Purpose: To follow-up teeth with deep caries lesions submitted to incomplete caries removal over a 10-year period.
Methods: 27 subjects (32 permanent posterior teeth) with deep caries lesions composed the sample. In this single-arm long-term prospective study, the inclusion criteria were risk of pulp exposure during caries excavation, positive response to the cold test, absence of spontaneous pain or sensitivity during percussion, and radiographic absence of a periapical lesion. Subjects were submitted to the following procedures: complete caries removal from the surrounding cavity walls, incomplete caries removal from the pulpal wall, capping with a calcium hydroxide cement, and sealing with a modified zinc oxide-eugenol cement. After 6-7 months, the temporary sealing was removed for methodological purposes (no further excavation was performed), and teeth were capped with a calcium hydroxide cement and filled with resin composite. Clinical and radiographic assessments were conducted after 6-7 months, 1.5, 3, 5 and 10 years. Success was defined as clinical and radiographic signs and symptoms of pulp sensitivity while failure was defined as endodontic treatment need.

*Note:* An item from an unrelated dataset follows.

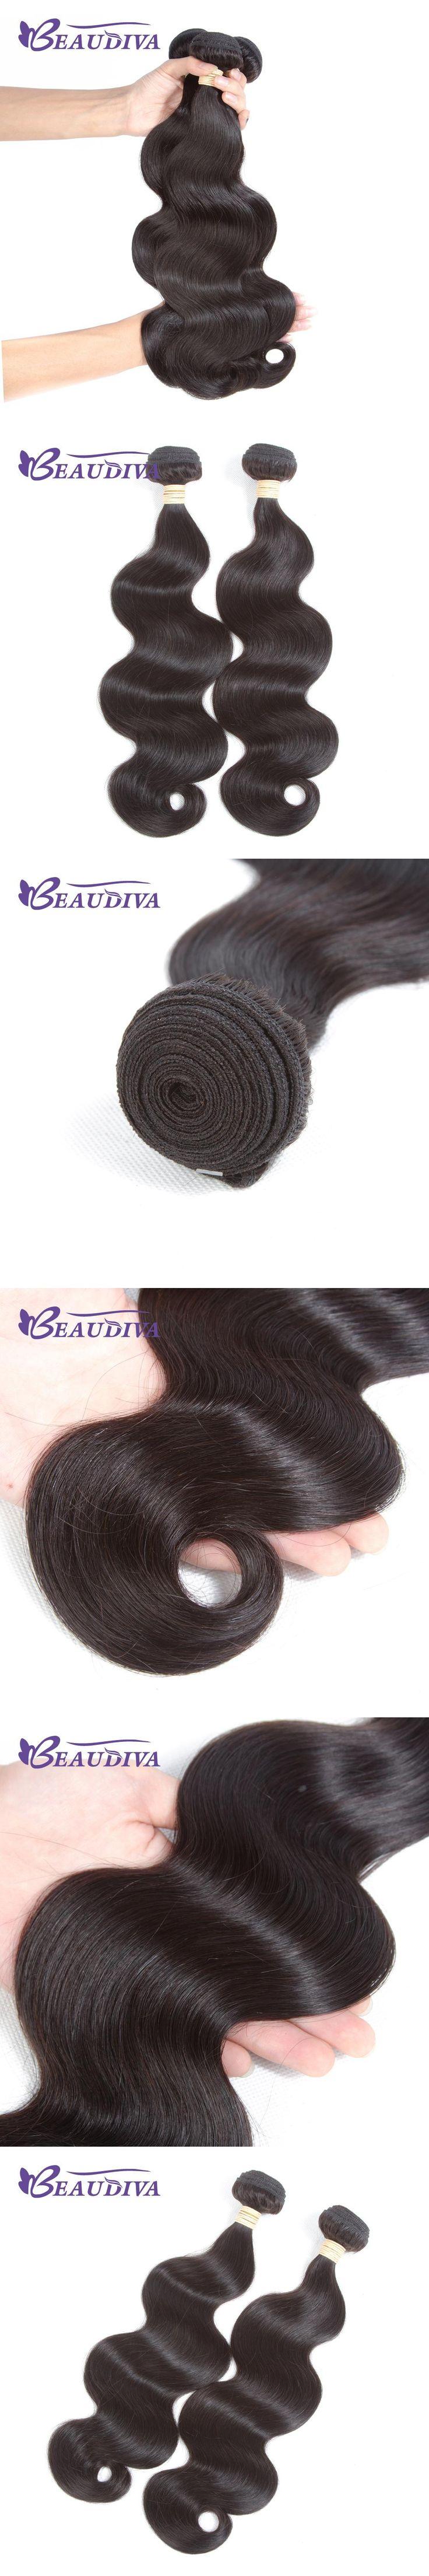 Beau Diva Hair Brazilian Body Wave Hair Weave Bundles 2PCS  100% Human Hair Bundles Remy Natural Color

Results: Over 10 years, one tooth was excluded from the sample (pulp exposure during treatment), five were lost to recall, 10 had therapy failure (five fractures and four necroses leading to endodontic treatment need, and one extraction) and 16 had therapy success (pulp sensitivity). Overall survival rates were 97%, 90%, 82% and 63% at 1.5-, 3-, 5- and 10-year follow-ups, respectively. Teeth with two or more restored surfaces failed significantly more than teeth with one restored surface (P= 0.01).